Samples were then either kept frozen in liquid N2 or DNA was extracted directly using a modified protocol for extraction and purification with cetyl trimethyl ammonium bromide (CTAB) [20]. Typically, one frozen or freshly collected colony was transferred to a microcentrifuge tube containing 100 μl TE (10 mM Tris-HCl, 1 mM EDTA, pH 8) and 20 μl of lysozyme (5 mg ml−1 in TE) was added, followed by incubation for 1 h at 37°C. After lysozyme treatment, 13 μl of SDS (10% w/v) was added, followed by incubation for 10 min at 70°C. A 20 μl aliquot of 5 M NaCl was added and mixed by inverting the tube, and 20 μl of 10% (w/v) CTAB/0.7 M NaCl was added and incubated for 10 min at 56°C. The solution was then extracted with 200 μl of chloroform and centrifuged for 10 min at 15 000×g. The collected aqueous phase was mixed with an equal volume of isopropanol and incubated for at least 2 h at −20°C. The precipitates were spun down and washed with 70% (v/v) ethanol. The yield of DNA with this procedure was ca. 40 ng per Trichodesmium colony as estimated by gel electrophoresis and ethidium bromide staining. The DNA from the laboratory culture Trichodesmium sp. IMS 101 was extracted according to the same protocol.

2.2PCR and cloning

The primers OX1 and OX2 were used to amplify 16S rDNA sequences [21], under the following PCR conditions in a thermal cycler (MJ Research, Watertown, MA, USA). Samples of 10 μl (approximately 5 ng DNA) were mixed with 200 mM dNTP, 5% acetamide, 200 mM of both OX1 and OX2, 3 mM MgCl2, Taq DNA polymerase reaction buffer and 2.5 U of Taq DNA polymerase (Promega, Madison, WI, USA) in a total reaction volume of 100 μl and an overlay of mineral oil.
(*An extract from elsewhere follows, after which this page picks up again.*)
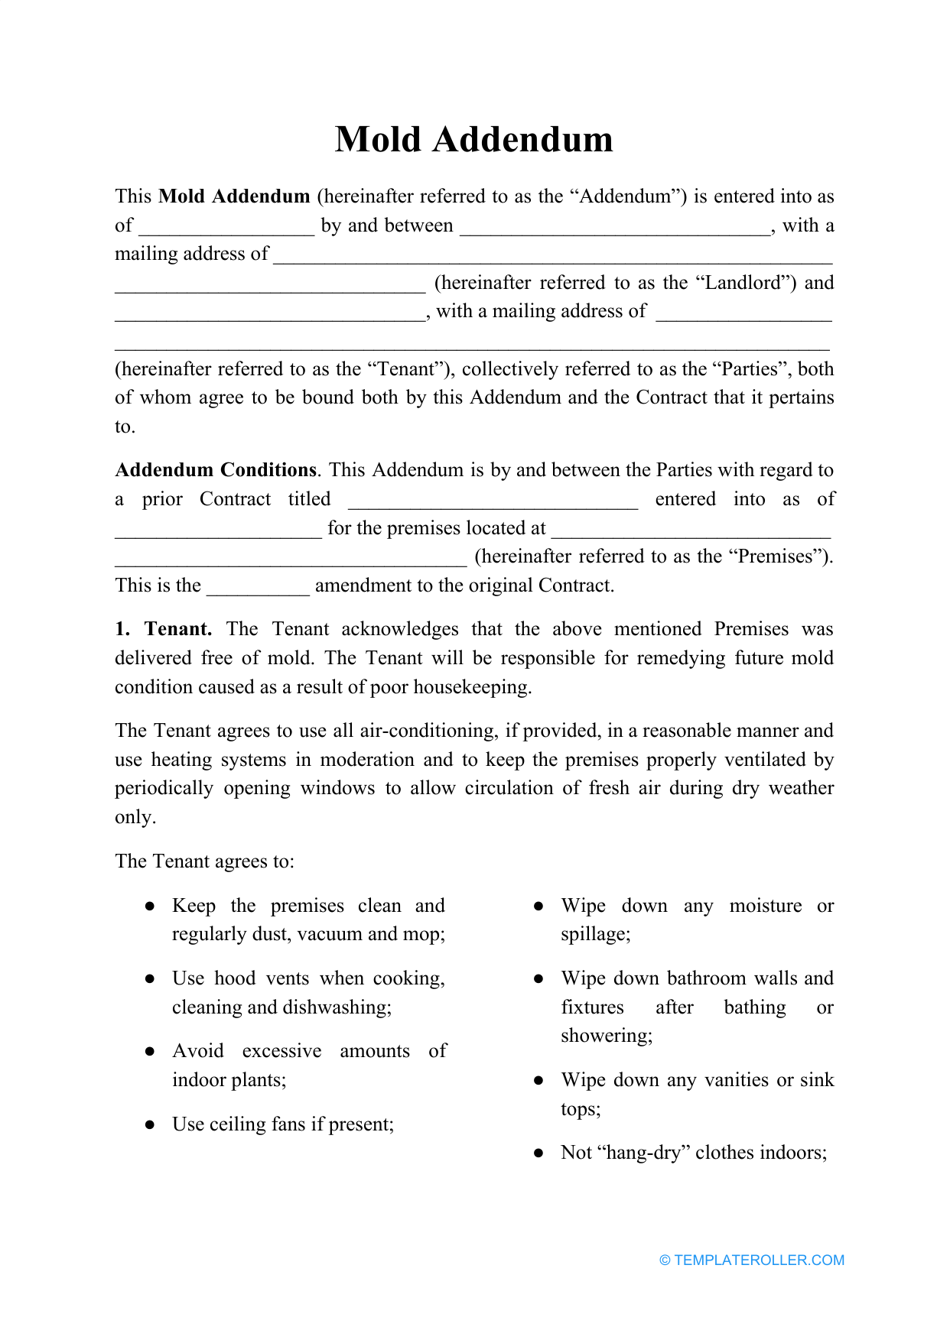 Mold Addendum Template, Page 1

The Taq polymerase was added after the initial denaturation step at 80°C (hot start) followed by 30–35 cycles of 1 min at 50°C, 2 min at 72°C with an extension of 5 s for each cycle and 1 min at 94°C, repeated 30 to 35 times. All clones were derived from single PCR reactions and were obtained according to the instructions provided with a TA cloning kit (Invitrogen, San Diego, CA, USA). The 448 bp fragment of hetR, corresponding to position 159–606 in Nostoc sp. PCC 7120 [16], was amplified with Pfu (Stratagene, La Jolla, CA, USA) and primers hetr1 (Nostoc sp. PCC 7120 position 139–158; 5′-AARTGYGCNATHTAYATGAC-3′) and hetr2 (Nostoc sp. PCC 7120 position 607–625; 5′-CRATRAANGGYATNCCCCA-3′) [17]. These PCR products were cloned using a blunt-end cloning kit (Stratagene).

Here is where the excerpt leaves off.